Give the listing again exactly, skipping any pictures it holds.

Information supplied

BEGIN

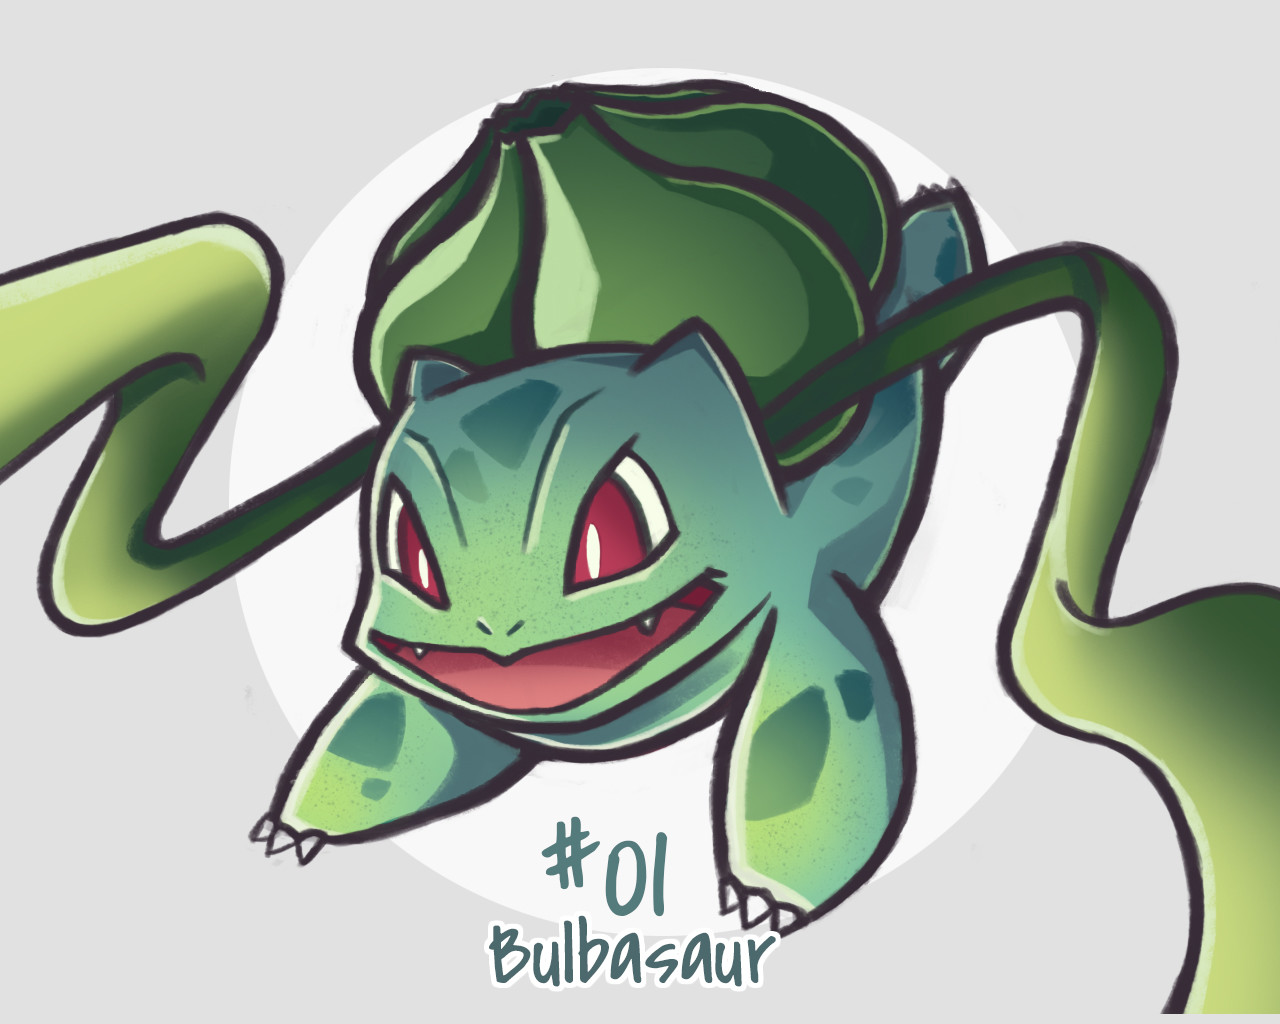 Como desenhar o Pokémon Bulbassauro
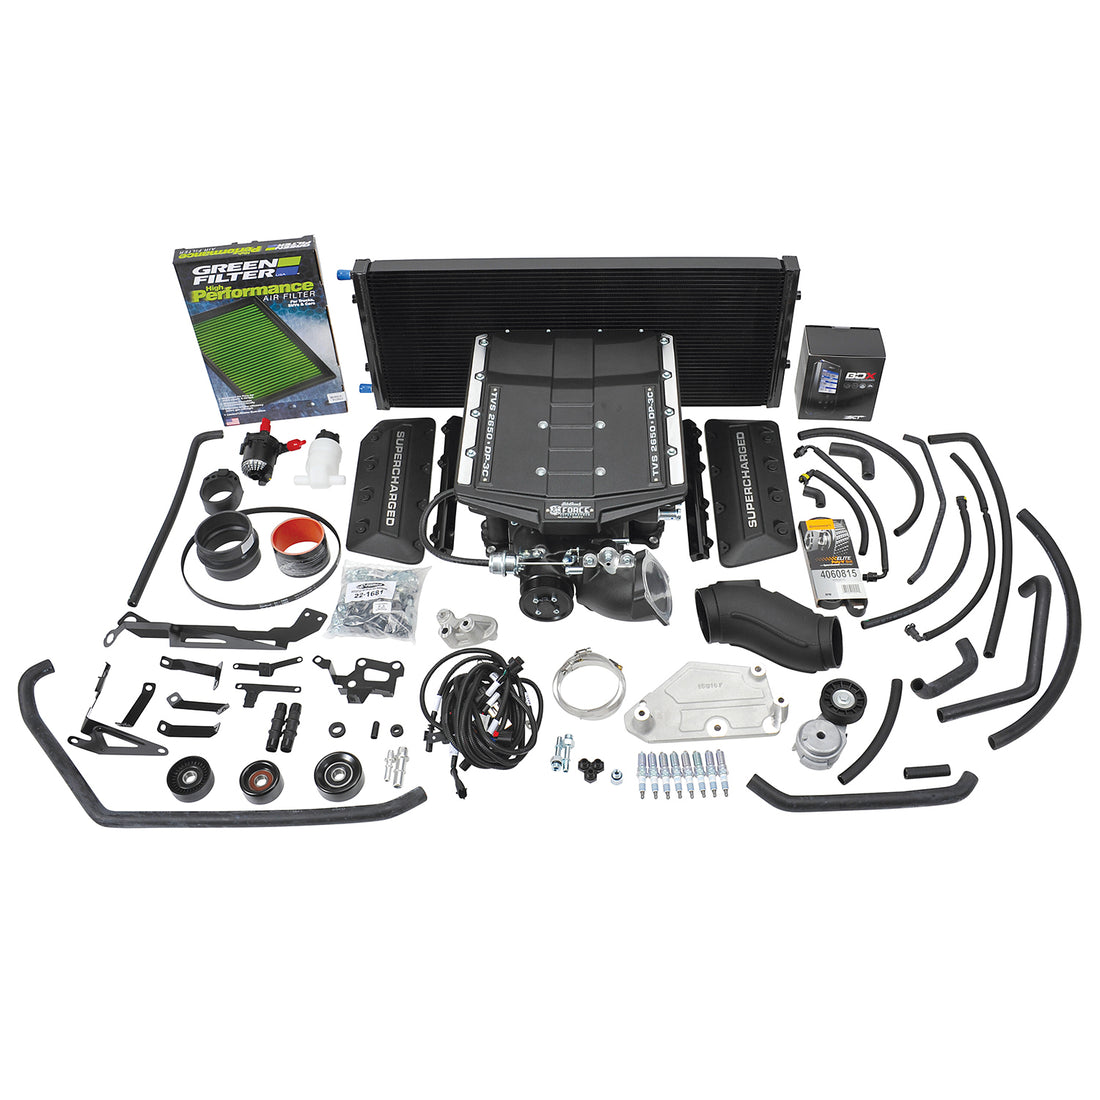 Edelbrock Stage 1 Supercharger Kit #15812 For 2019-21 Ford F-150 5.0L 4V W/ Tune Edelbrock
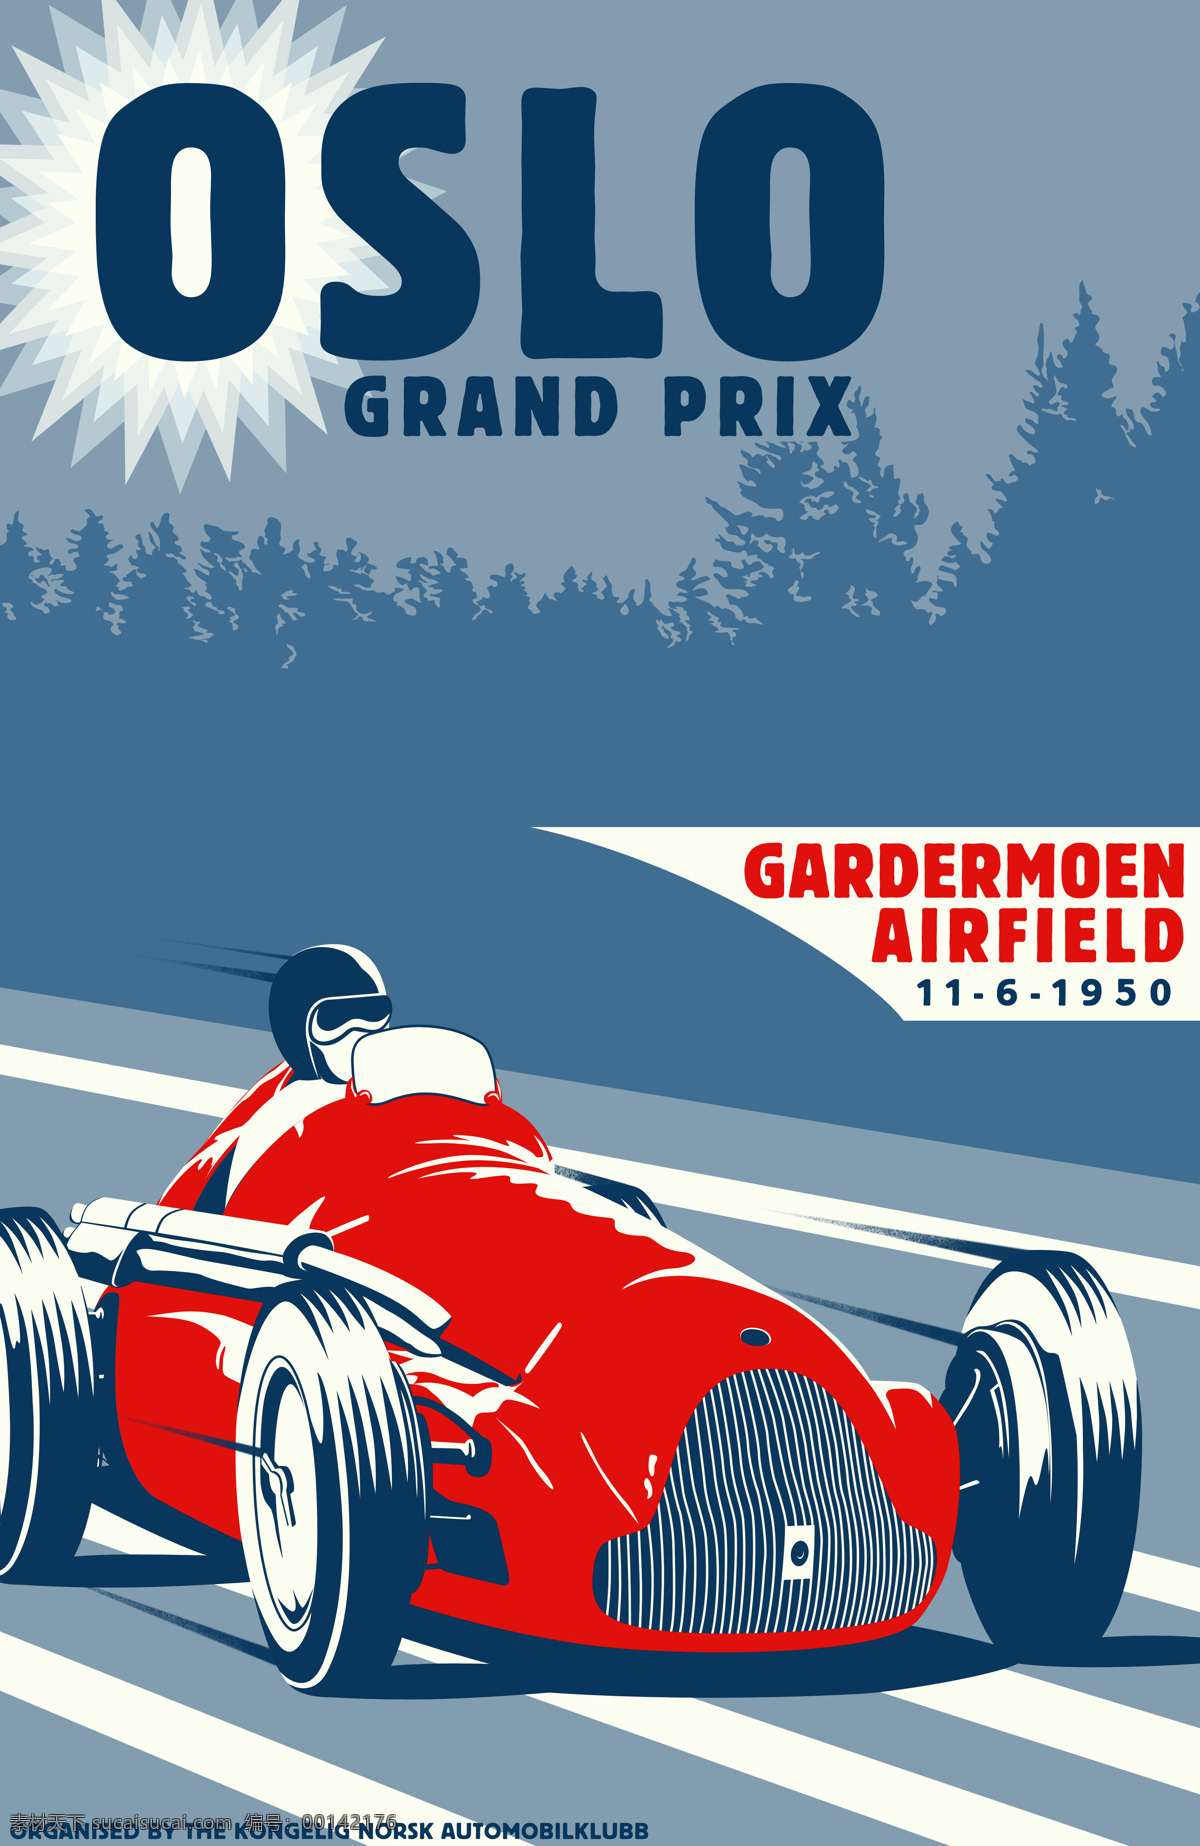 赛车 海报 f1 比赛 汽车 赛车海报 赛道 体育海报 招贴设计 老赛车 赛车手 其他海报设计

END

Solved exercise
 Como desenhar o Pokémon Bulbassauro
 Edelbrock Stage 1 Supercharger Kit #15812 For 2019-21 Ford F-150 5.0L 4V W/ Tune Edelbrock
 赛车 海报 f1 比赛 汽车 赛车海报 赛道 体育海报 招贴设计 老赛车 赛车手 其他海报设计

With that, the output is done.